You can then confirm that everything is up to date by running git status
and/or visiting your remote master branch at github.com/your-username/openlibrary
, where you should see the following:
If everything looks good, you can continue following the steps in Making Changes and Creating a Pull Request to commit, test and submit your changes.
If not, read on!
Your master or working branch may get out-of-sync. In general, do not use VSCODE or GITHUB MERGE to resolve merge conflicts. Here are some commands to run for common out-of-sync situations:
(Note: You check the status of your branch by running git status
or going to github.com/your-username/openlibrary
)
Master is behind upstream master
git switch master
git pull upstream master
git push origin master
Master is behind and ahead of upstream master
git switch master
git reset --hard HEAD~[the number of commits you are ahead by]
git pull --ff-only upstream master
git push -f origin master
Note: A "hard" reset
will permanently undo your changes, so make sure you're on the master branch before resetting. It's always safe to hard reset your master branch because it is supposed to be identical to the upstream version.
This means that if you've accidentally committed something to your master branch, you can easily reset
as many commits as you'd like -- often git reset --hard HEAD~100
is a good way to get a clean slate -- then just pull
in the upstream version to remain up to date.
Working Branch is behind upstream master (it will always be ahead if you've made changes):
git switch master
git pull --ff-only upstream master
git push origin master
git switch your-branch-name
git rebase master
If rebasing your branch fails or provokes merge conflicts, see Troubleshooting Your Pull Request.
When you're done working and try to push your branch with git push origin HEAD
, you may encounter the following error:
This usually means that, as a result of the rebase, you'll need to force push* your updates:
git push -f origin HEAD
*Note: While regular pushing just adds new commits to the remote branch, force pushing replaces the commits on the remote branch with the commits on your local branch, effectively re-writing the remote commit history. Sometimes when you perform a rebase, you will have to force push to your branch.

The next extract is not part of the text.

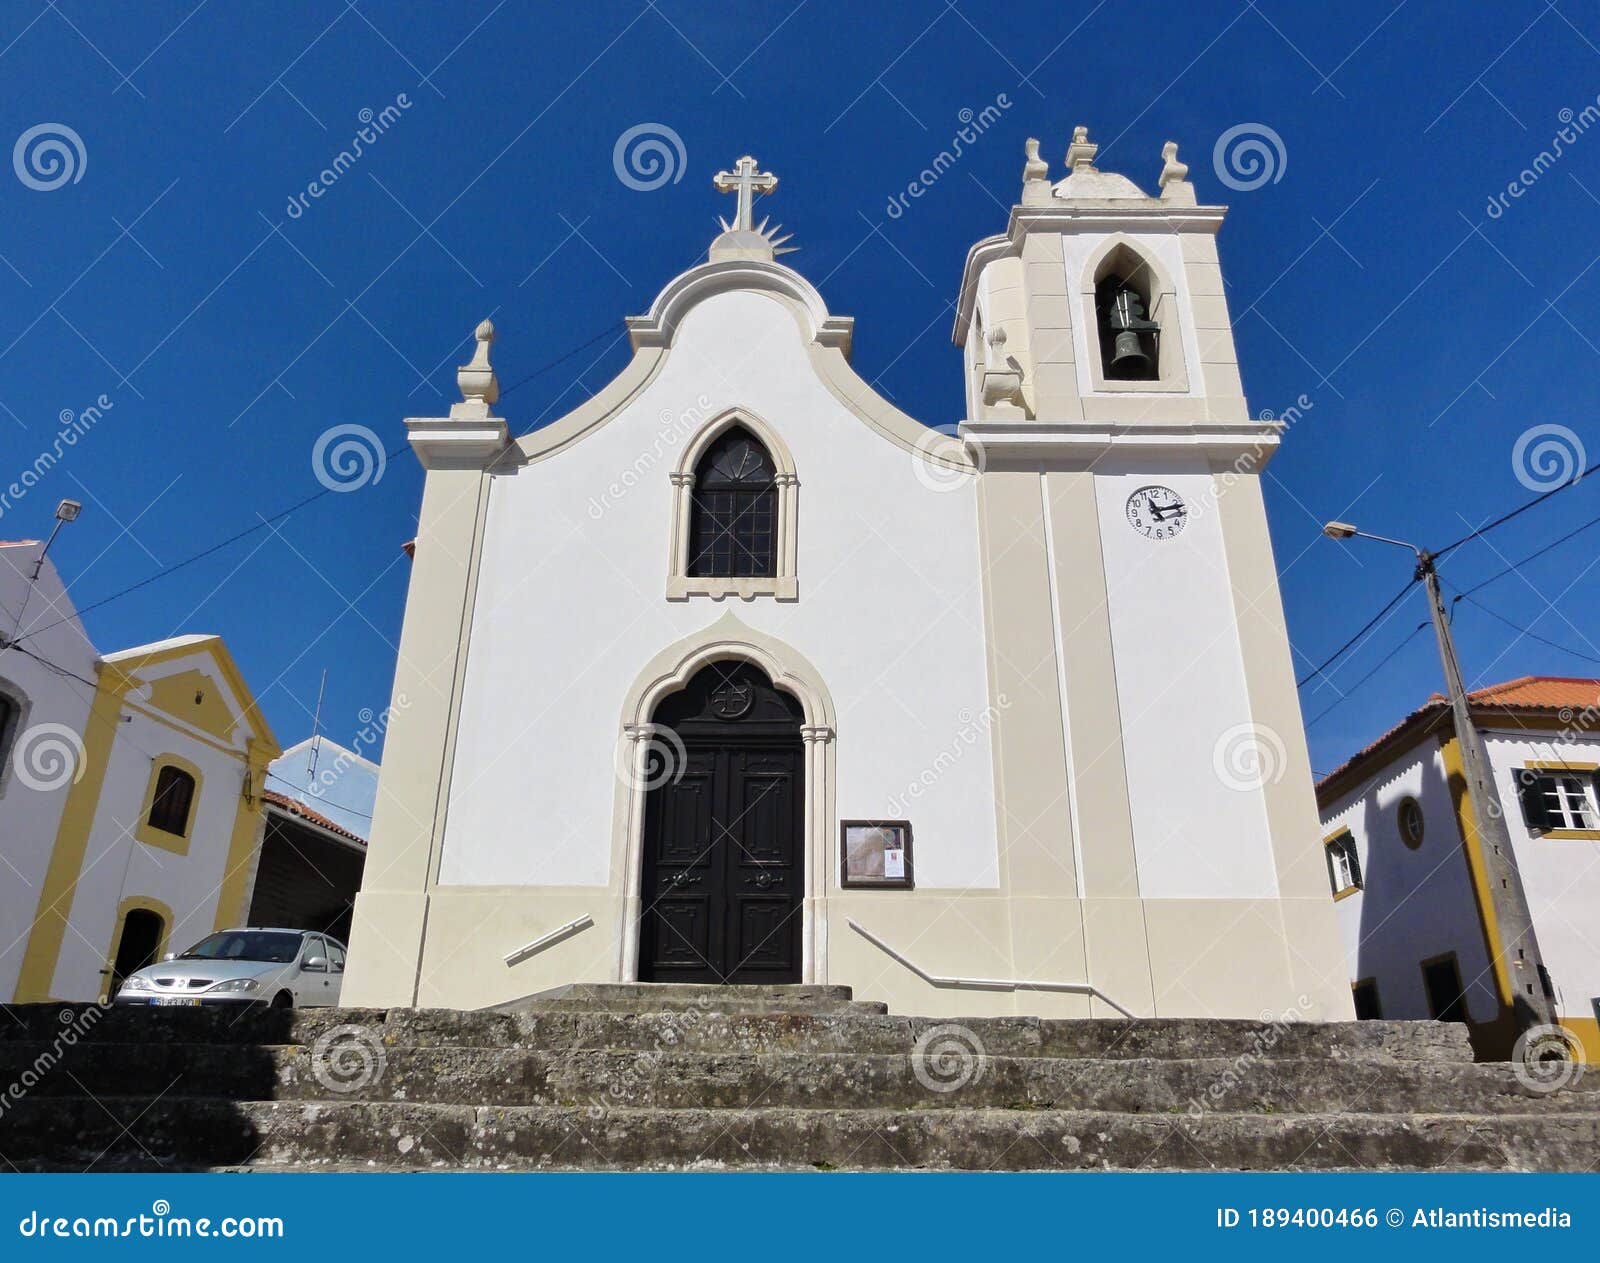 traditional church in salir do porto, centro - portugal

If so, be sure to force push with care: You should only force push if working on one of your own branches. If working on a branch which other people are also pushing to, force pushing is dangerous because it can override others' work. In that case, use --force-with-lease
; this will force push only if someone else hasn't made any changes to the branch.
If none of the above solved the issue, you can consult a staff member or the issue's lead, and/or see Troubleshooting your Pull Request.
1. Make sure master is up-to-date:
git switch master
git pull --ff-only upstream master
git push origin master
For troubleshooting or to learn more, see working on your branch.
2. Create a new branch for the feature or issue you plan to work on and switch to it:
git switch -c 1234/fix/fix-the-thing
Specifying -c
creates a new branch, and switch
switches to it. The typical branch name format is [issue number]/[fix/feature/hotfix]/[short-issue-description]
3. Make changes/commit:
git add the-file.html
git commit -m "Fixed the thing"
A commit message should answer three primary questions;
- Why is this change necessary?
- How does this commit address the issue?
- What effects does this change have?
4. Test your changes:
docker compose run --rm home make test
When you submit your pull request, the GitHub CI server will automatically run a few more tests and formatting checks.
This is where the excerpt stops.